What was the result of School 2 methodologies?
Dyslexia was invented to cover those students who struggled. Ritalin was introduced to control those whose sensory inputs were not in line with what was being taught was acceptable behavior. Student’s potential was measured by race and poverty and not upon individual effort, achievement, and development. Functional illiteracy became the standard for graduating from High School to have a ready-made population of drones for the workforce. The powers supplying the sensory inputs into the population rose to dominate government, media, technology, and much more. Suicide rates climbed. Depression rates climbed. Mental diseases exploded as a means of excusing and separating the population. Debt at all levels, household, city/town, county, state, Federal, credit card, school loans, etc., exploded to the insane levels witnessed today. Single-parenthood became desirable. Sex without consequences, abortion on demand, and so much more became socially permissible, accepted, and cheered.
Where we are now!
This brings us to 2021; education is now all “School 2” thinking.

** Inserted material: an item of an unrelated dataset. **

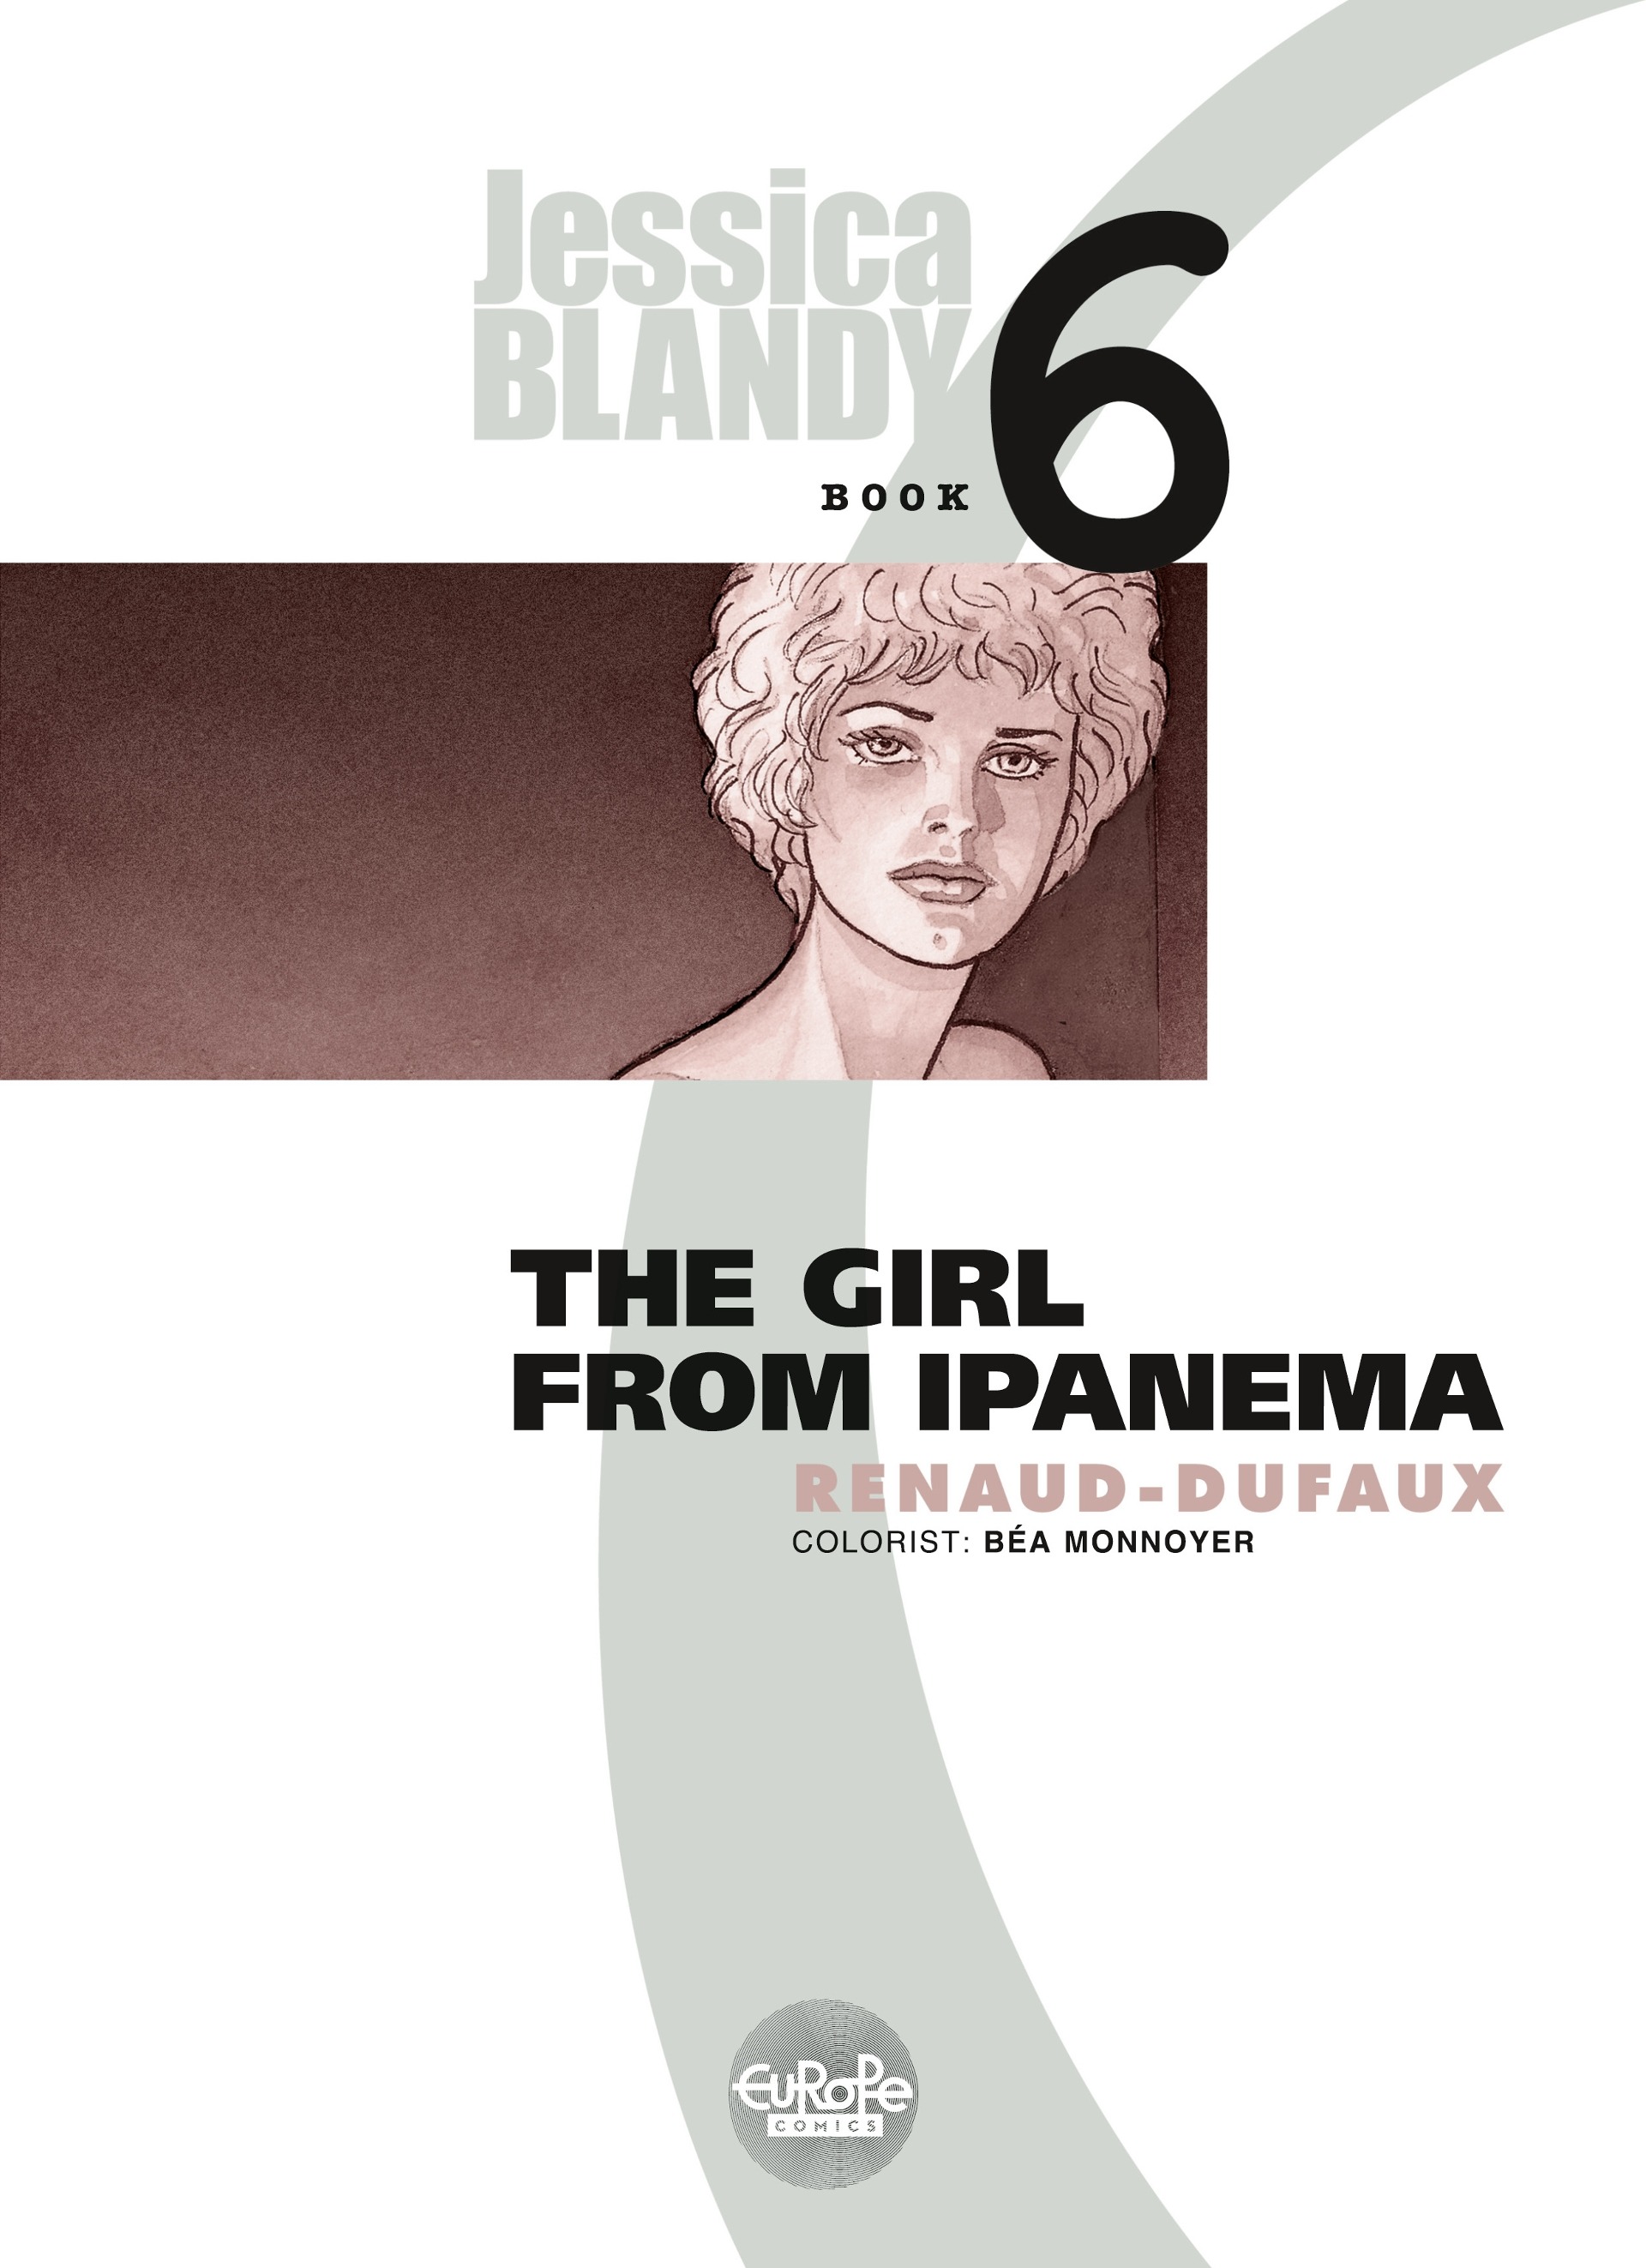 Read online Jessica Blandy comic -  Issue #6 - 2

The vast majority of workers are functionally illiterate, and the government is stealing freedom and liberty through a “health emergency.” As long as the population’s senses are being filled, the powers in charge can do whatever they want; including stealing an election, robbing unborn children of freedom through debt captivity, and abusing the electorate at will (California, New York, Oregon, New Mexico, and Michigan’s Governors) and robbing the Social Security Fund to pay for the pleasures of today, with no thought of the consequences tomorrow.

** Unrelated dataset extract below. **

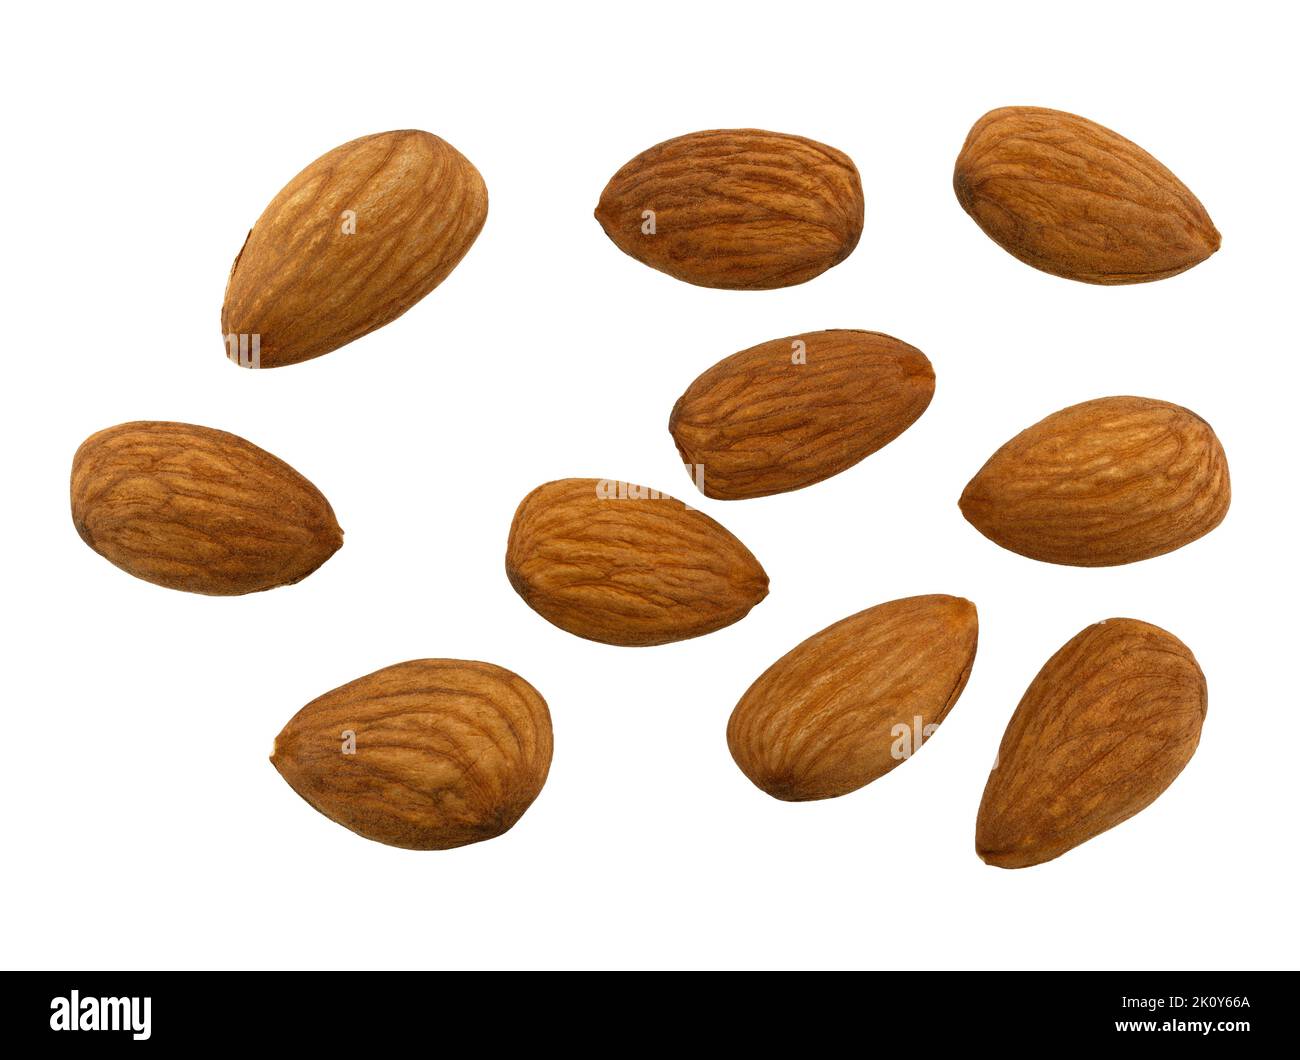 Overhead view of a medium group of almond nuts isolated on a white background. Stock Photo

December 2020, I began reviewing the outstanding accomplishments witnessed in the last century, and a question percolated, “Where are the new great accomplishments?” Consider the “Big Historical Moments” of the 1900s. We have the automobile instead of the horse-drawn carriage. We have space flight, trans-continental flight. We have all these technological advances. Humans witnessed so much growth from 1900-1999, but in the first two decades of the new century, we appear to have come to a plateau and lost our way. In delving deeper into this question, School 1 and School 2 philosophies’ discovery is the driving factor in why we appear to have plateaued in making discoveries, pushing boundaries, and driving innovation forward.

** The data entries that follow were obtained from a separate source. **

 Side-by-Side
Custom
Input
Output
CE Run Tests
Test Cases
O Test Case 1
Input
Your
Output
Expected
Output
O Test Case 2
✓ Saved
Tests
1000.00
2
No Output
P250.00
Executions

Maybe, plateaued is the wrong way to describe the advances witnessed from 2000-2020. I read almost weekly about new discoveries in science and medicine, but to read these advances, I have to dig through media blaring about someone’s clothes, hair, sexual orientation, etc. The headlines cheering Charles Lindbergh’s flight across the Atlantic, Amelia Earhart’s flights, and more were the talk of the town; newspapers the world over celebrated these achievements. Now, new advances and achievements have to compete with political bloviations, smoke and mirror editorials, and envy has become the topic of discussion and is celebrated. All because too many generations have been reduced to animals by School 2 methodologies.
Leading the issue back to the initial question, “Do you have a soul?” If so, then School 2 education is abhorrent, and mighty change is immediately required to correct the problems. If not, then School 1 education and the mighty thinking and doing of the 1900s is lost forever. Are you a social animal that is all unrestrained appetite for whatever power that provides you the most sensory gratification, or are you an eternal being, in a temporal existence, willing to shoulder accountability for the blessings of growth, freedom, liberty, and independence?
I know my answer, and I strive every day to learn, change, grow, and control my passions and other sensory-based appetites in an effort to develop. “Do you have a soul?”